■ Collected material ■
====

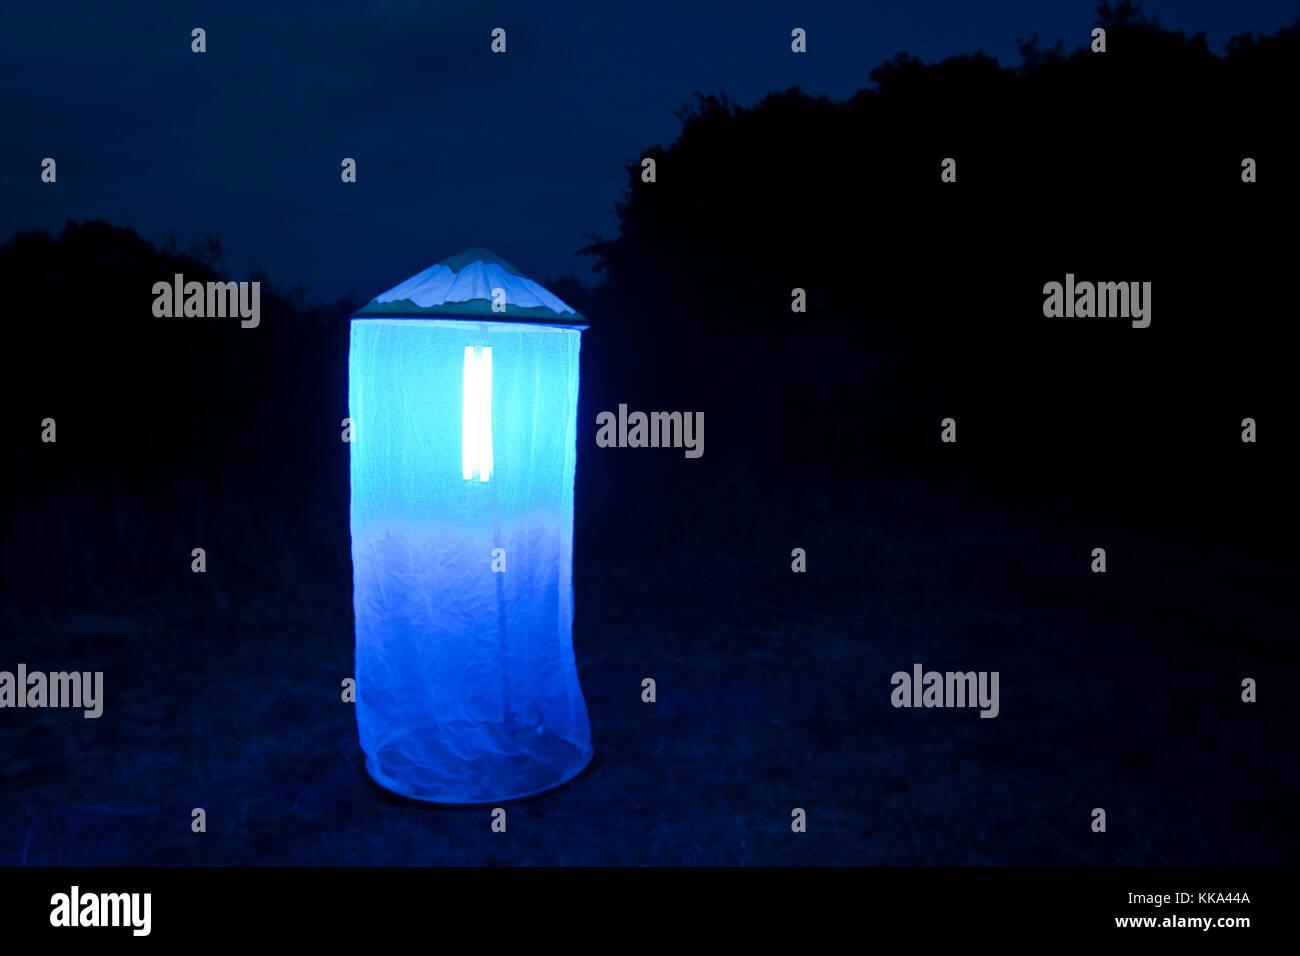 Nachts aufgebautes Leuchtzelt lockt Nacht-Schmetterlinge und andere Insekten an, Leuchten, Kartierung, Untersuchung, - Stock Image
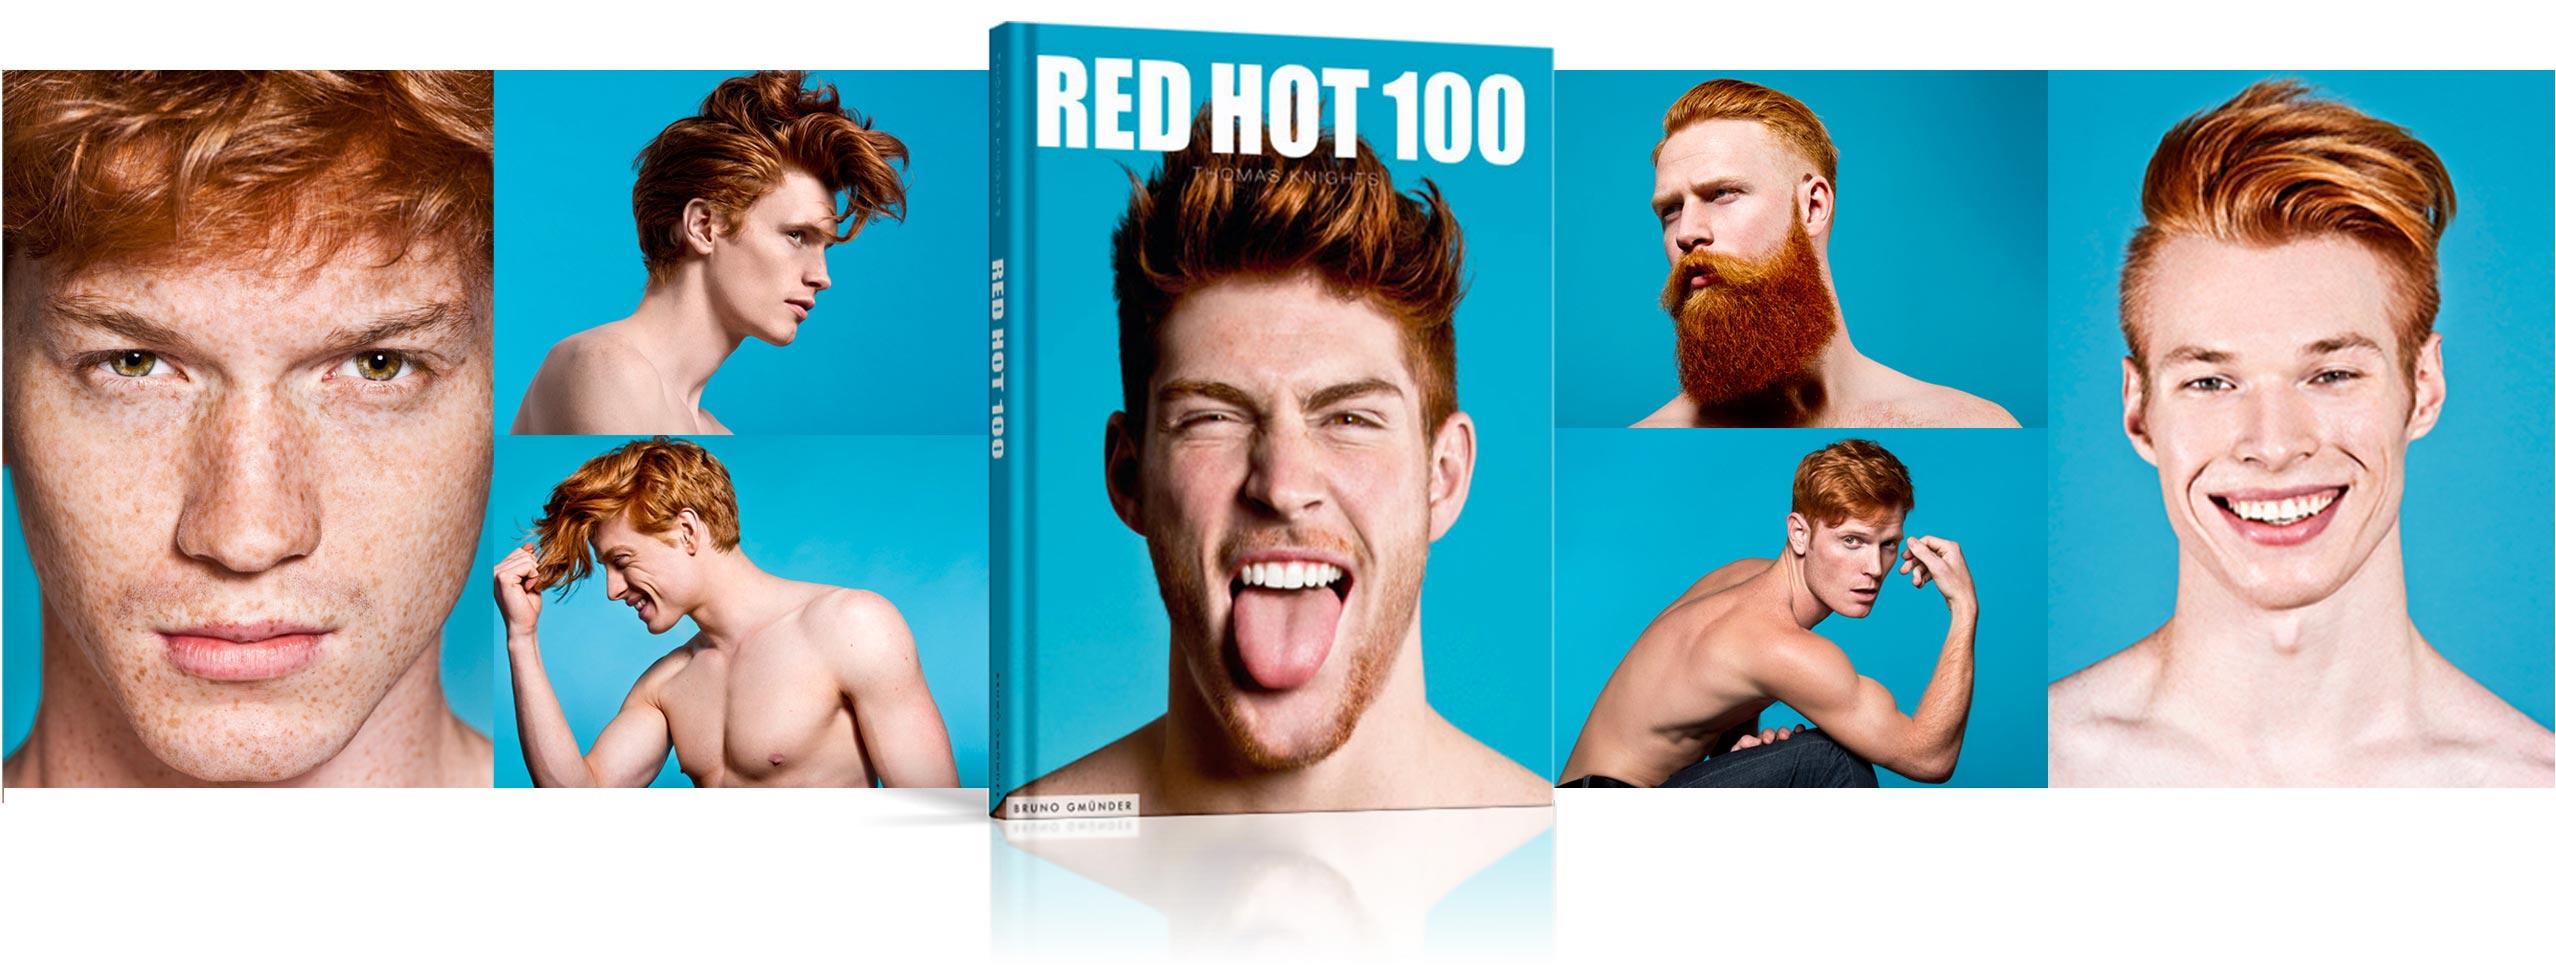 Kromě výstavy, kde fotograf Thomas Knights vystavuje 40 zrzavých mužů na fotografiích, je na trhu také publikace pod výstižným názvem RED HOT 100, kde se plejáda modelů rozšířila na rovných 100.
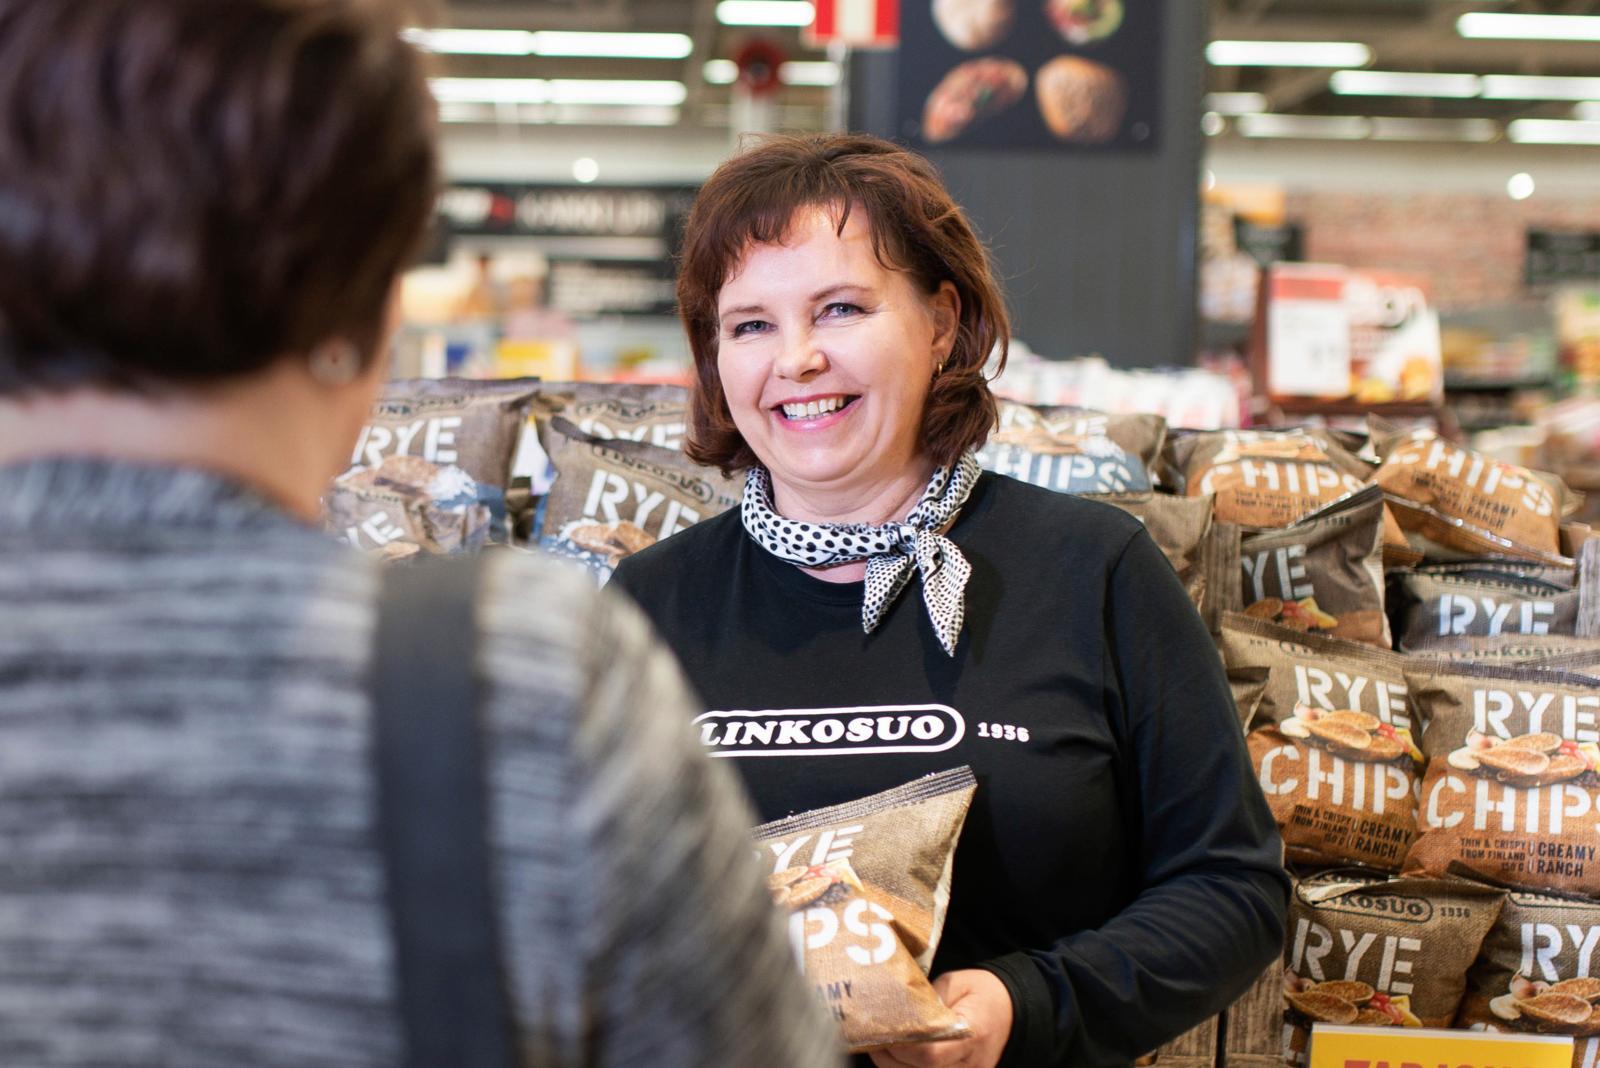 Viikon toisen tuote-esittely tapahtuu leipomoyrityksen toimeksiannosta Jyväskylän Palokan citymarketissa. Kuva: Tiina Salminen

====

■ Activity ■
Repeat the data exactly, dropping every picture it holds.

■ Exercise answer ■
 Nachts aufgebautes Leuchtzelt lockt Nacht-Schmetterlinge und andere Insekten an, Leuchten, Kartierung, Untersuchung, - Stock Image
 Kromě výstavy, kde fotograf Thomas Knights vystavuje 40 zrzavých mužů na fotografiích, je na trhu také publikace pod výstižným názvem RED HOT 100, kde se plejáda modelů rozšířila na rovných 100.
 Viikon toisen tuote-esittely tapahtuu leipomoyrityksen toimeksiannosta Jyväskylän Palokan citymarketissa. Kuva: Tiina Salminen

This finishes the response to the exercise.